- Born: Lee S. Ainslie III 1964 (age 61–62) Alexandria, Virginia, U.S.
- Education: University of Virginia; University of North Carolina; UNC Kenan–Flagler Business School;
- Known for: Founding Maverick Capital
- Title: Managing partner; Maverick Capital; Limited partner; Washington Commanders (NFL);
- Board member of: Robin Hood Foundation
- Spouse: Elizabeth
- Children: 2

= Lee Ainslie =

American businessman (born 1964)

Lee S. Ainslie III (born 1964) is an American businessman who founded the hedge fund firm Maverick Capital. He is also a board member of the Robin Hood Foundation and owns a minority stake in the National Football League (NFL) team Washington Commanders.

==Early life and education==
Ainslie's father was headmaster of Episcopal High School, a boarding school in Alexandria, Virginia, from which Ainslie graduated. Ainslie holds a bachelor's degree from the University of Virginia and an MBA from the University of North Carolina at Chapel Hill Kenan–Flagler Business School.

==Career==
Prior to founding Maverick Capital in 1993, Ainslie worked at Tiger Management, where he and other former employees had been nicknamed "Tiger Cubs" in the hedge fund industry. Ainslie helped form Maverick Capital in 1993 at the invitation of billionaire Sam Wyly. Maverick Capital was reported to have $9 billion under management in 2013.

Ainslie has been profiled in books such as Hedge Hunters, by Katherine Burton, New Investment Superstars by Lois Peltz. and The Big Win by Stephen Weiss.

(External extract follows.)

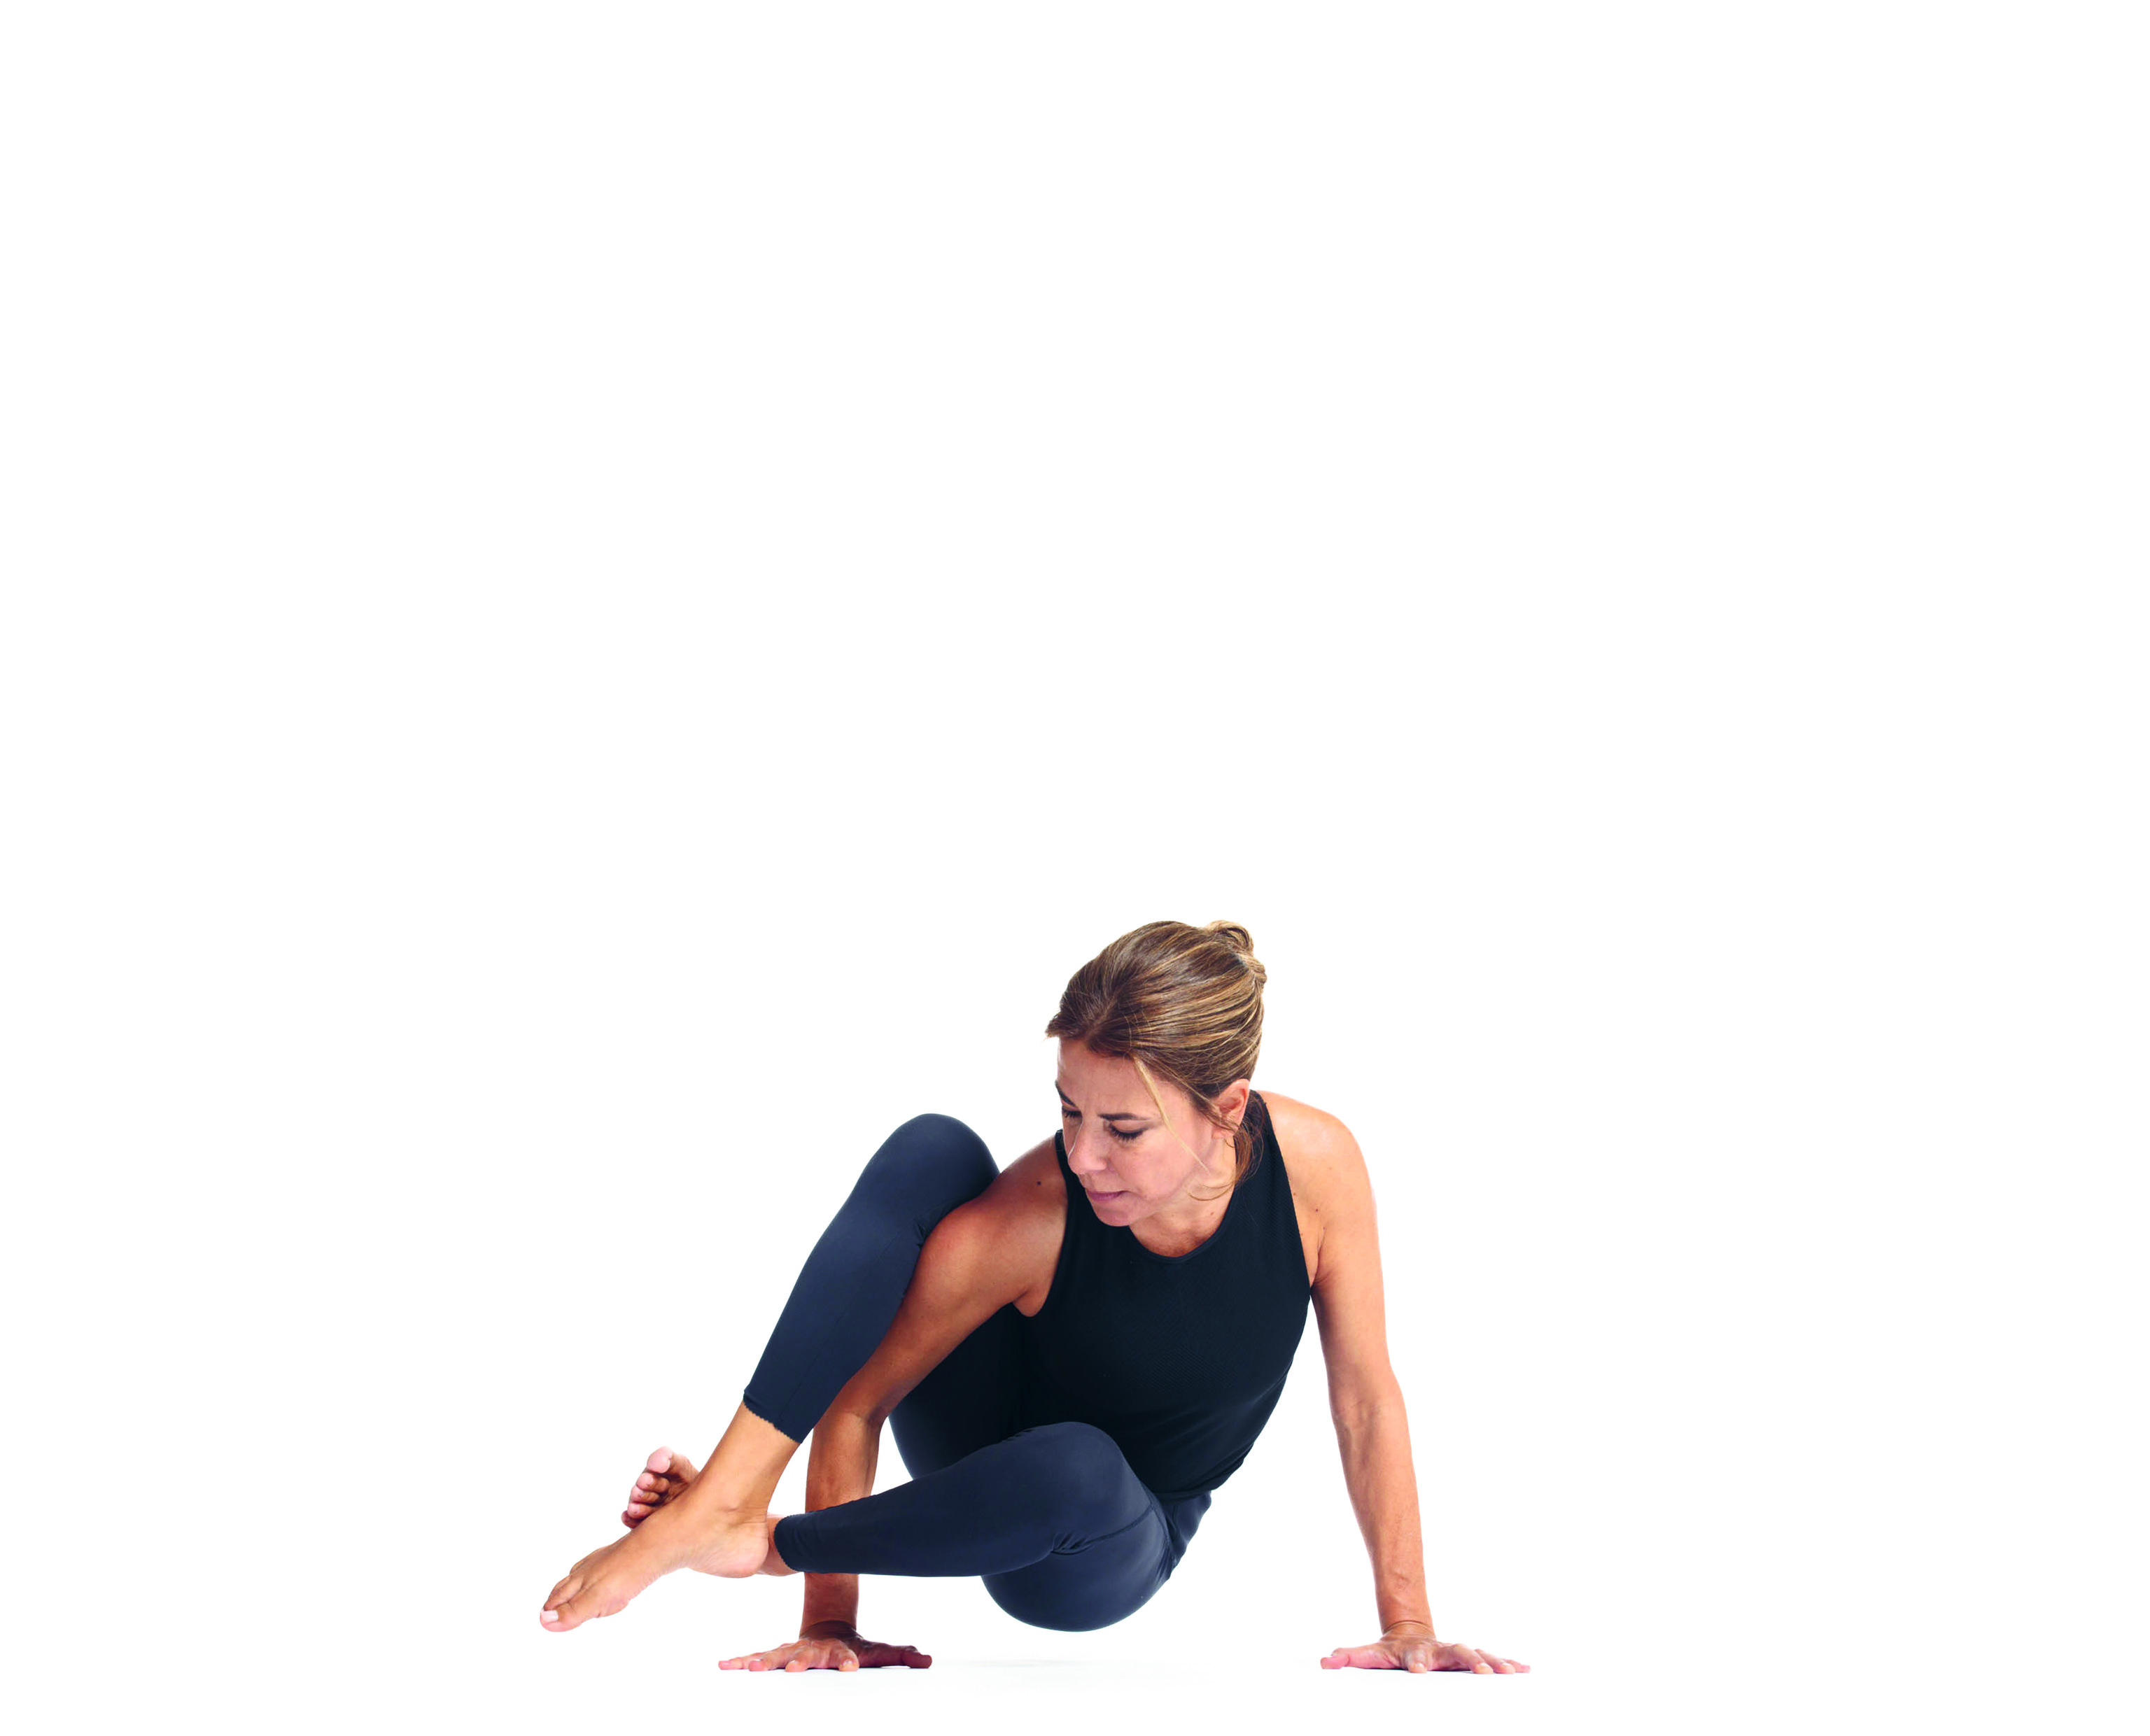 Una de las 'asanas' imposibles de la yogui, que confiesa ser autodidacta y adorar la fuerza.

Ainslie supported Mitt Romney in the 2012 U.S. presidential election. He is on the board of directors of the Robin Hood Foundation. In 2023, Ainslie was a part of an investment group led by Josh Harris that purchased the Washington Commanders, an American football team belonging to the National Football League (NFL), for $6.05 billion.

==Personal life==
He and his wife Elizabeth have two sons.